True if all tools are available, False otherwise

Return type:

bool

variantcentrifuge.utils.smart_open(filename, mode='r', encoding='utf-8')[source]

Open a file with automatic gzip support based on file extension.

Parameters:
  • filename (str) – Path to the file

  • mode (str) – File opening mode (‘r’, ‘w’, ‘rt’, ‘wt’, etc.)

  • encoding (str) – Text encoding (for text modes)

Returns:

Opened file handle

Return type:

file object

variantcentrifuge.utils.run_command(cmd, output_file=None)[source]

Run a shell command and write stdout to output_file if provided, else return stdout.

Parameters:
  • cmd (list of str) – Command and its arguments.

  • output_file (str, optional) – Path to a file where stdout should be written. If None, returns stdout as a string.

Returns:

If output_file is None, returns the command stdout as a string. If output_file is provided, returns output_file after completion.

Return type:

str

Raises:

subprocess.CalledProcessError – If the command returns a non-zero exit code.

variantcentrifuge.utils.normalize_vcf_headers(lines)[source]

Normalize header lines from tools like SnpEff and SnpSift.

By:

  1. Removing known prefixes (e.g., “ANN[*].”, “ANN[0].”)

  2. Converting indexed genotype fields from format GEN[index].FIELD to FIELD_index (e.g., “GEN[0].AF” -> “AF_0”, “GEN[1].DP” -> “DP_1”)

Parameters:

lines (List[str]) – A list of lines (e.g., lines from a file) whose first line may contain SnpEff/SnpSift-generated prefixes in column headers.

Returns:

The updated list of lines where the first line has had matching prefixes removed or replaced and indexed fields normalized.

Return type:

List[str]

variantcentrifuge.utils.get_tool_version(tool_name)[source]
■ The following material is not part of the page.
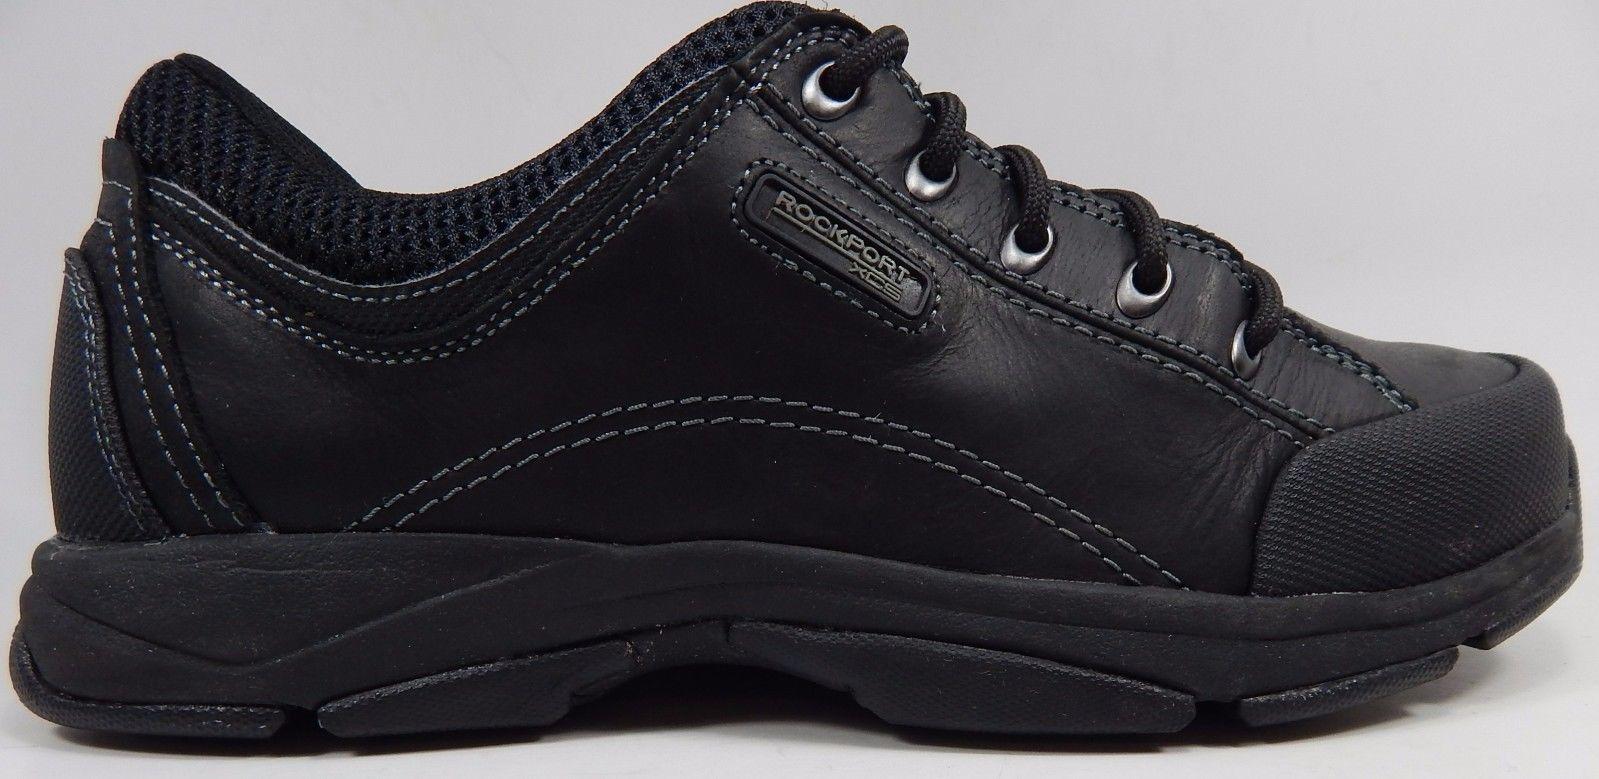 Rockport XCS Chranson Rugged Men's Lace Up Walking Sneakers Size US 8.5 M EU 42

Retrieve the version of a given tool.

Supported tools:

  • snpEff

  • bcftools

  • SnpSift

  • bedtools

Parameters:

tool_name (str) – Name of the tool to retrieve version for.

Returns:

Version string or ‘N/A’ if not found or cannot be retrieved.

Return type:

str

variantcentrifuge.utils.sanitize_metadata_field(value)[source]

Sanitize a metadata field by removing tabs and newlines, replacing with spaces for TSV.

Parameters:

value (str) – The value to sanitize.

Returns:

Sanitized string value with no tabs or newlines.

Return type:

str

variantcentrifuge.utils.ensure_fields_in_extract(base_fields_str, extra_fields)[source]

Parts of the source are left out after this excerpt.